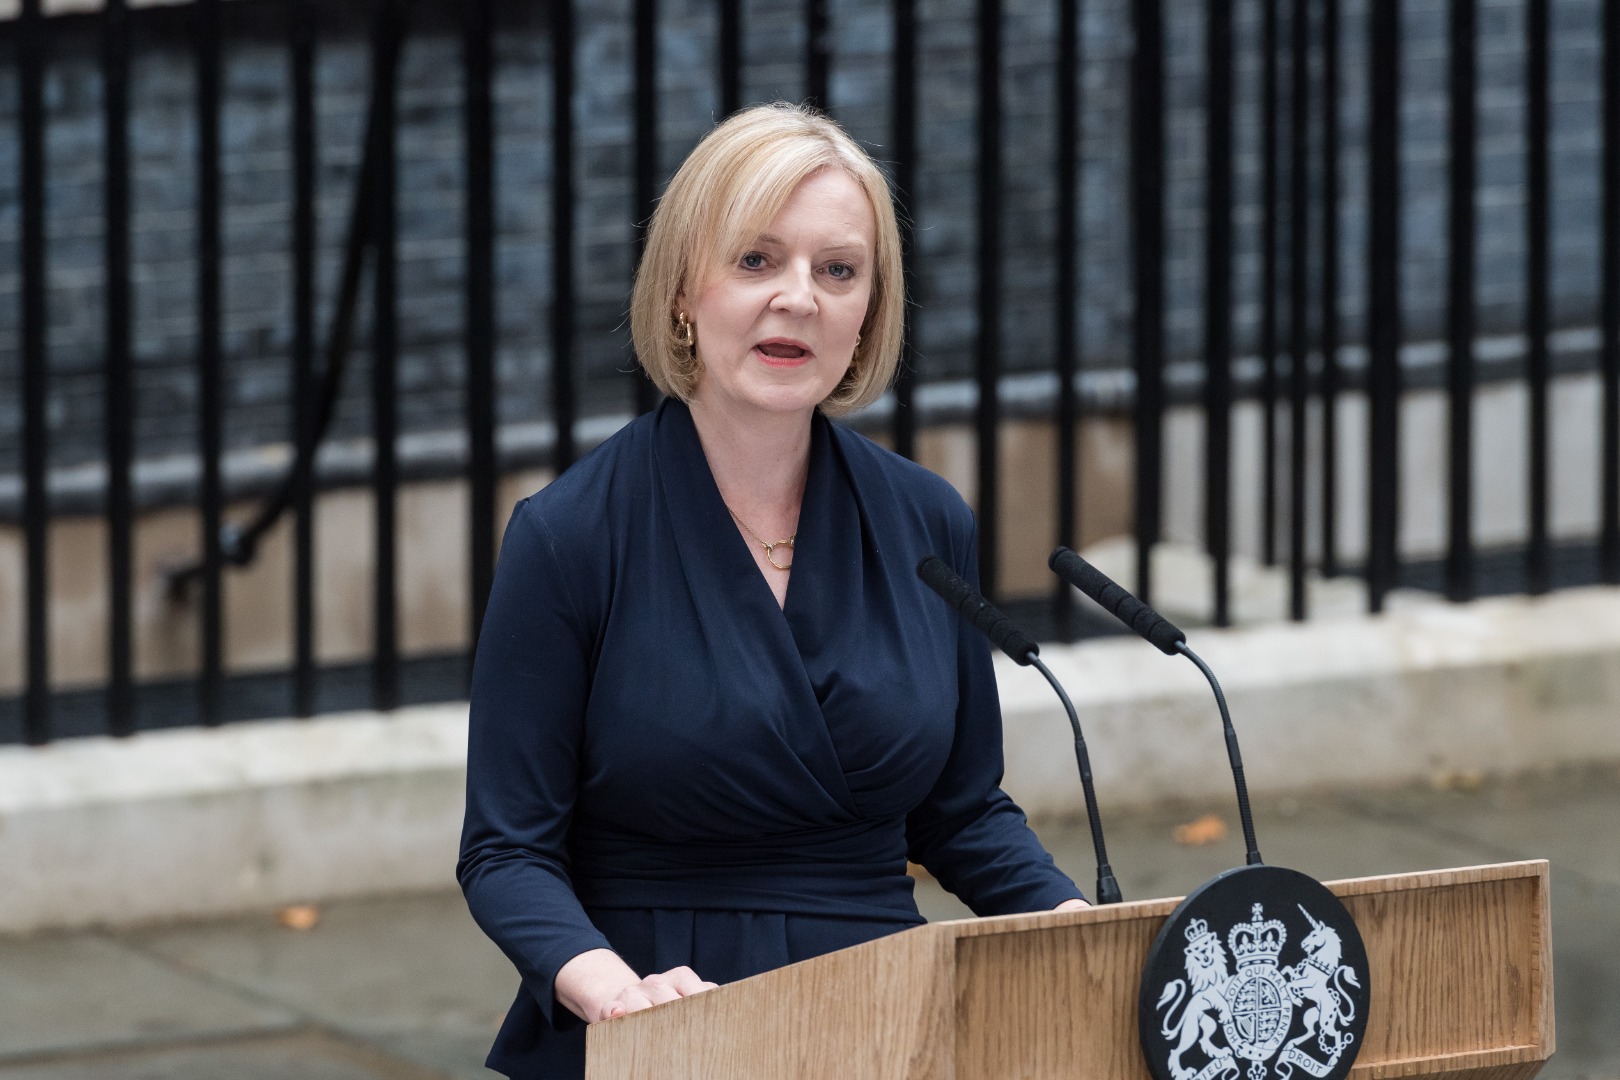 İngiltere'nin yeni Başbakanı Liz Truss ilk ulusa sesleniş konuşmasını yaptı: 3 önceliğim var
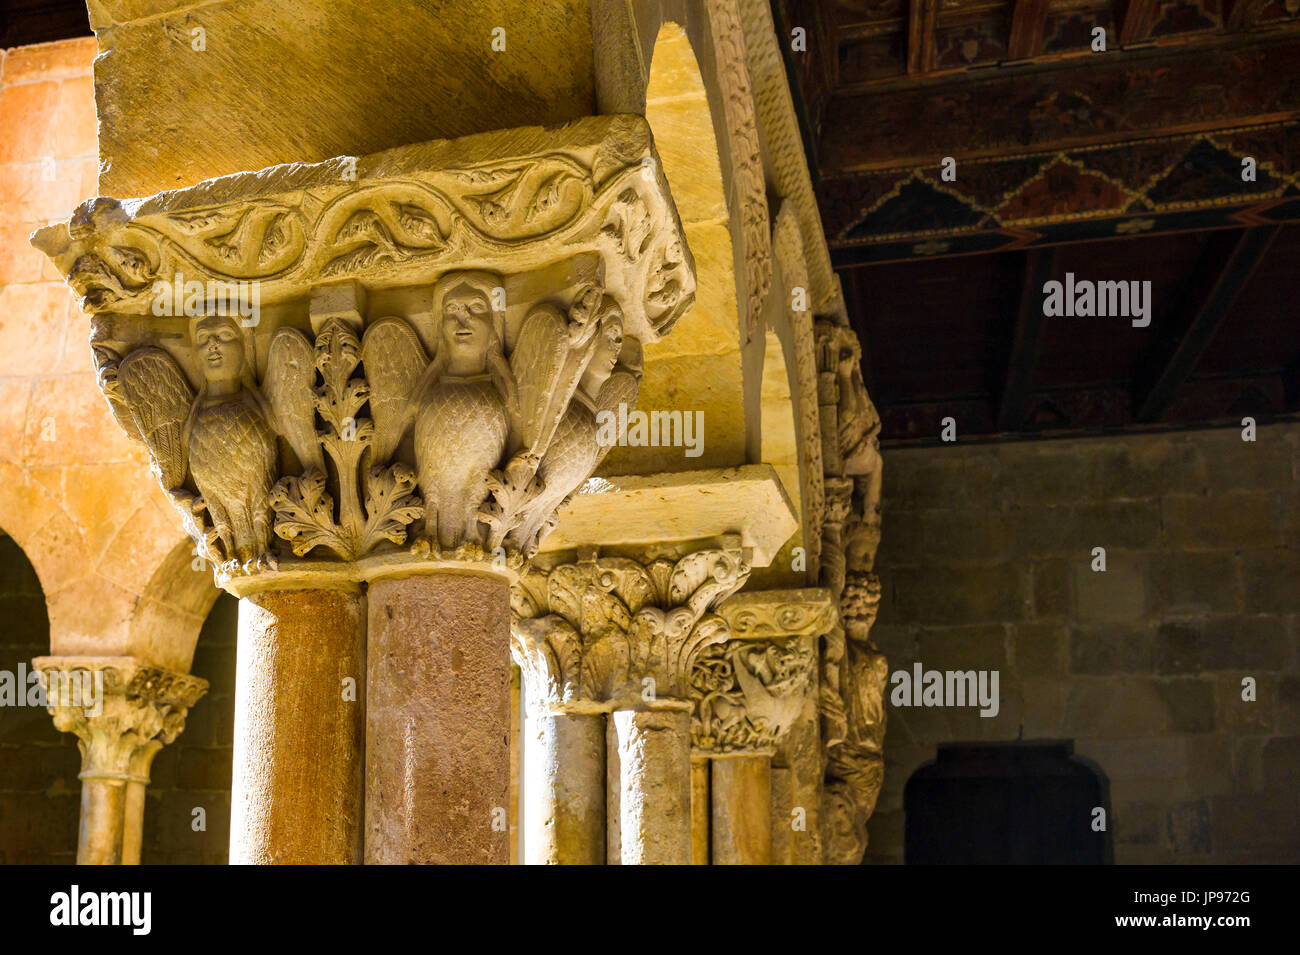 Romanesque Capitals, Cloister of Santo Domingo de Silos Monastery, Spain Stock Photo
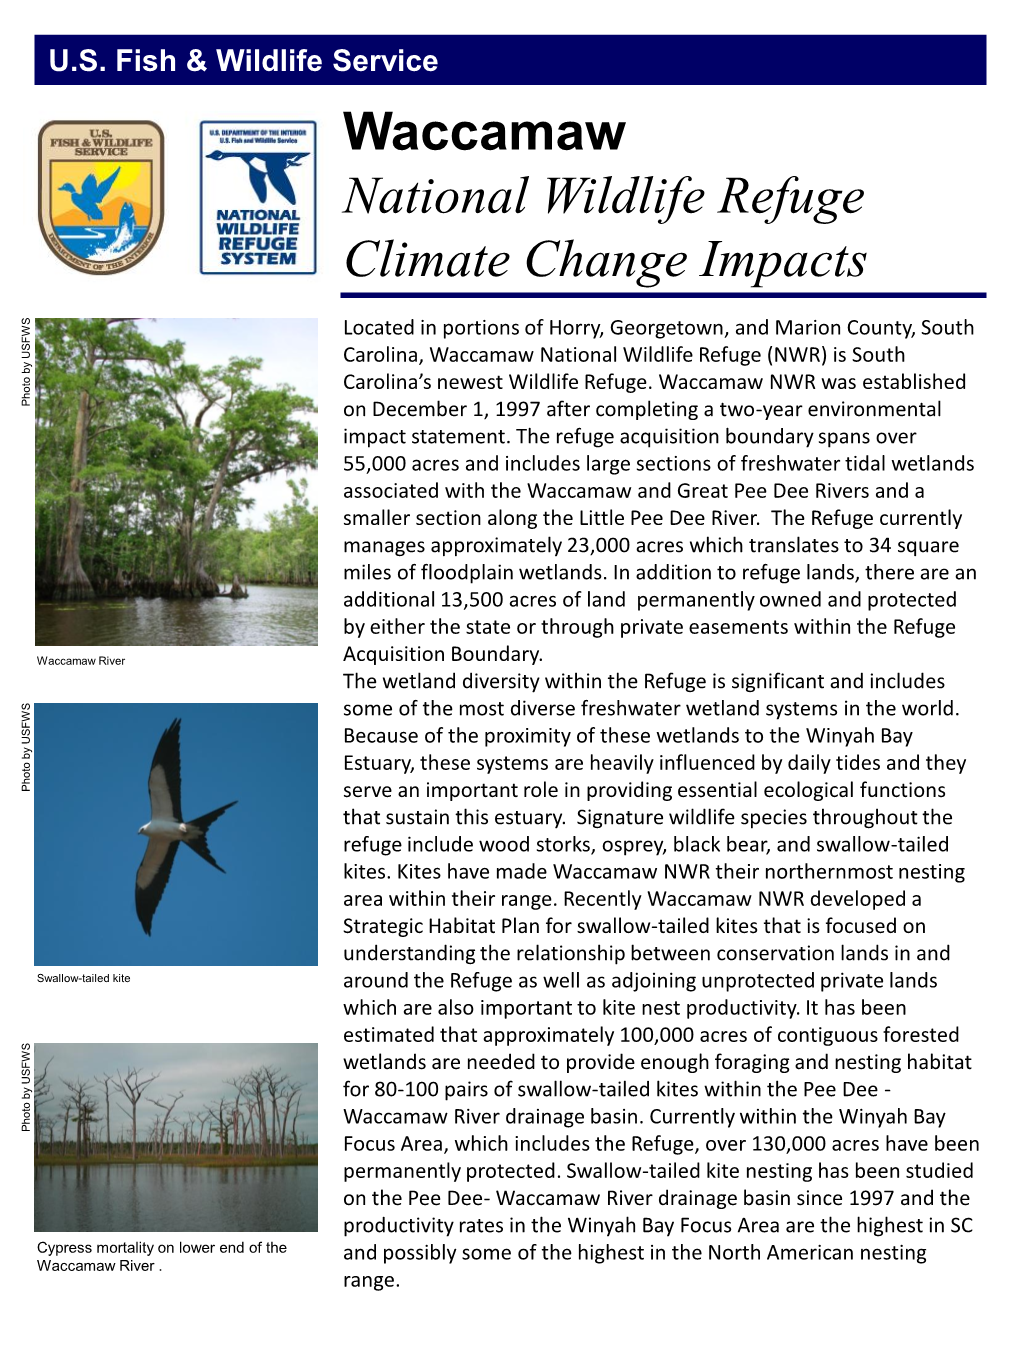 Waccamaw National Wildlife Refuge Climate Change Impacts
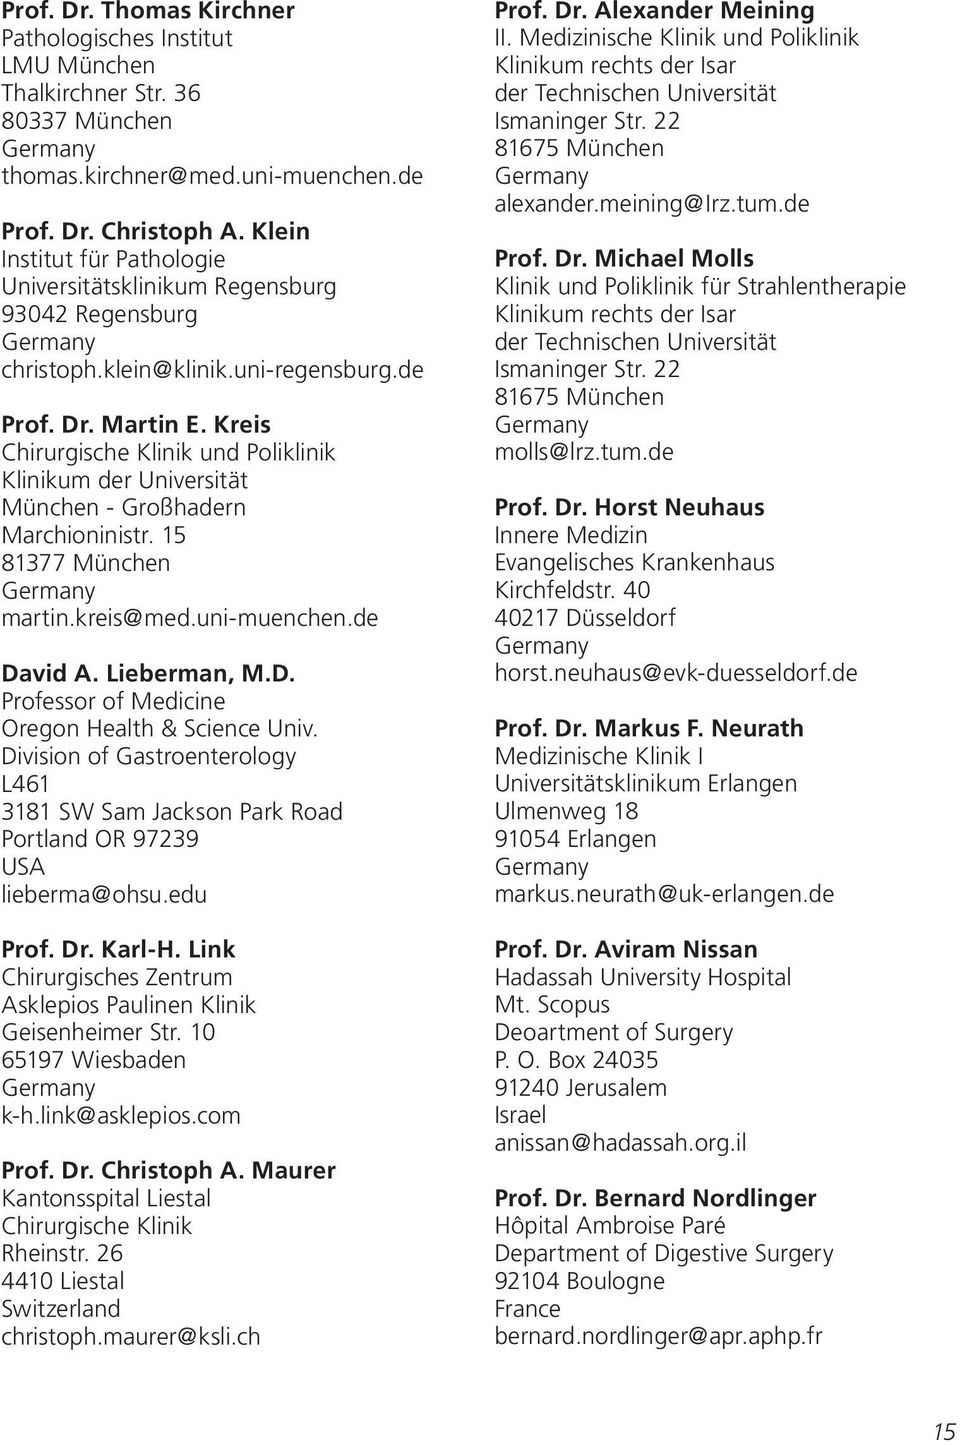 Kreis Chirurgische Klinik und Poliklinik Klinikum der Universität München - Großhadern Marchioninistr. 15 81377 München martin.kreis@med.uni-muenchen.de Da
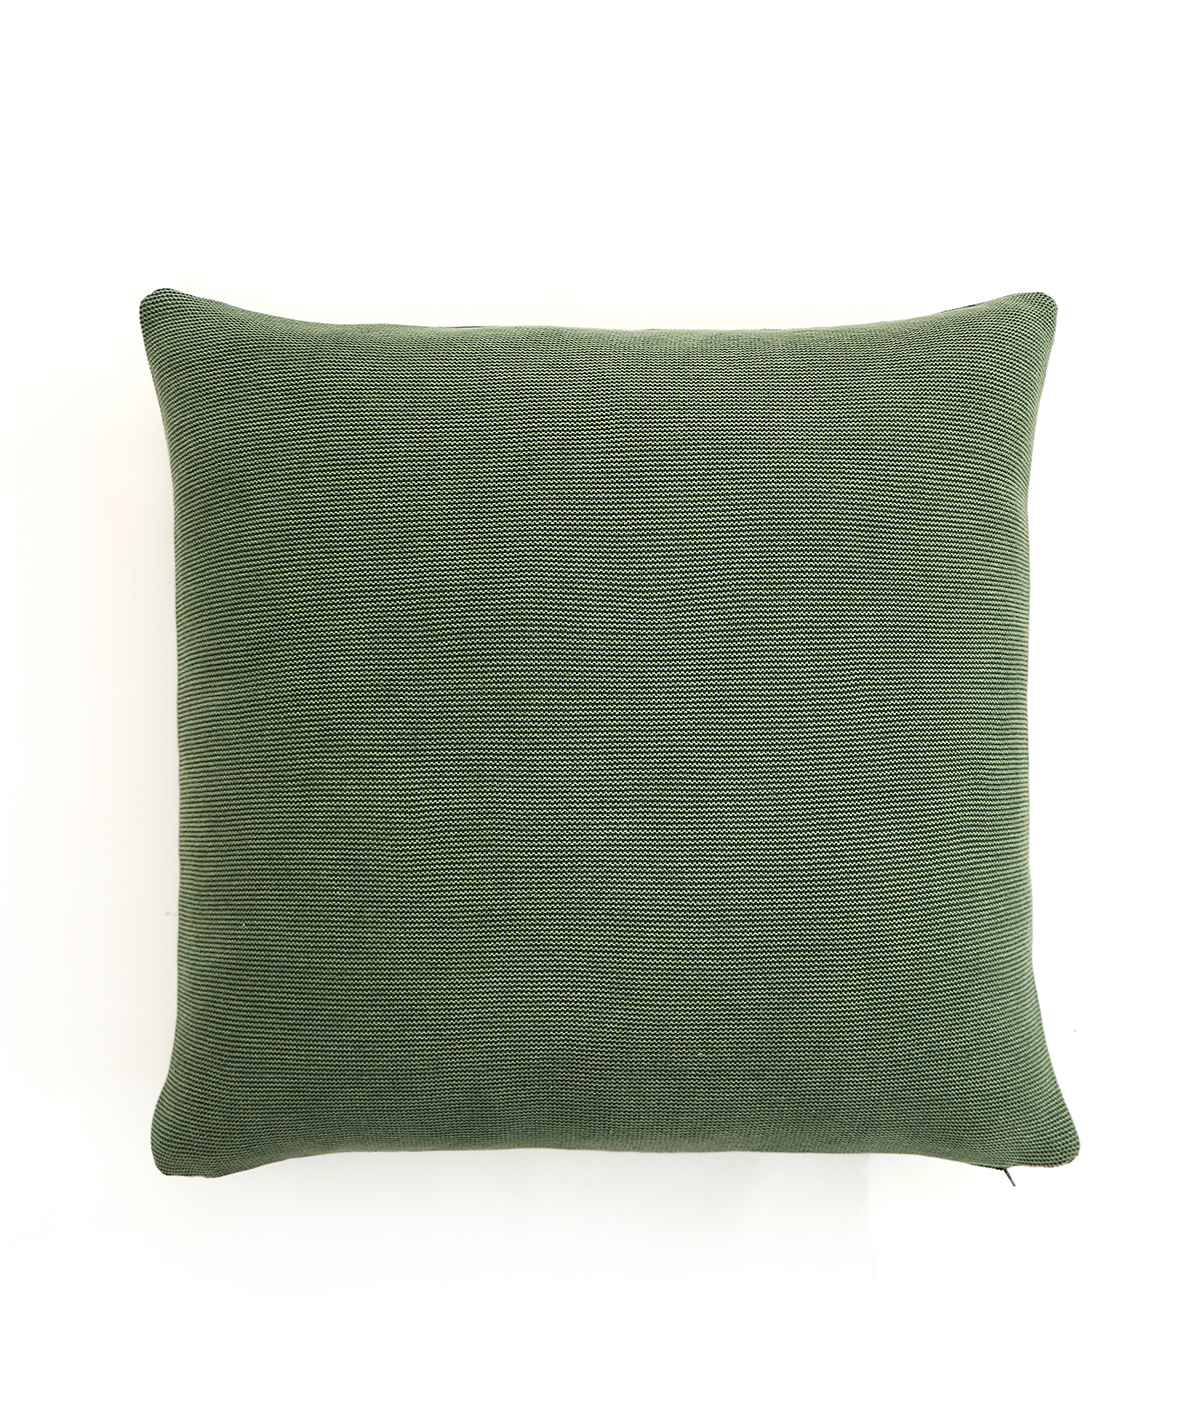 cushion cover

______

Exercise prompt: Please return the material above unchanged, with every picture removed.

Task output:
 İngiltere'nin yeni Başbakanı Liz Truss ilk ulusa sesleniş konuşmasını yaptı: 3 önceliğim var
 Romanesque Capitals, Cloister of Santo Domingo de Silos Monastery, Spain Stock Photo
 Waccamaw National Wildlife Refuge Climate Change Impacts
 Kreis Chirurgische Klinik und Poliklinik Klinikum der Universität München - Großhadern Marchioninistr. 15 81377 München martin.kreis@med.uni-muenchen.de Da
 cushion cover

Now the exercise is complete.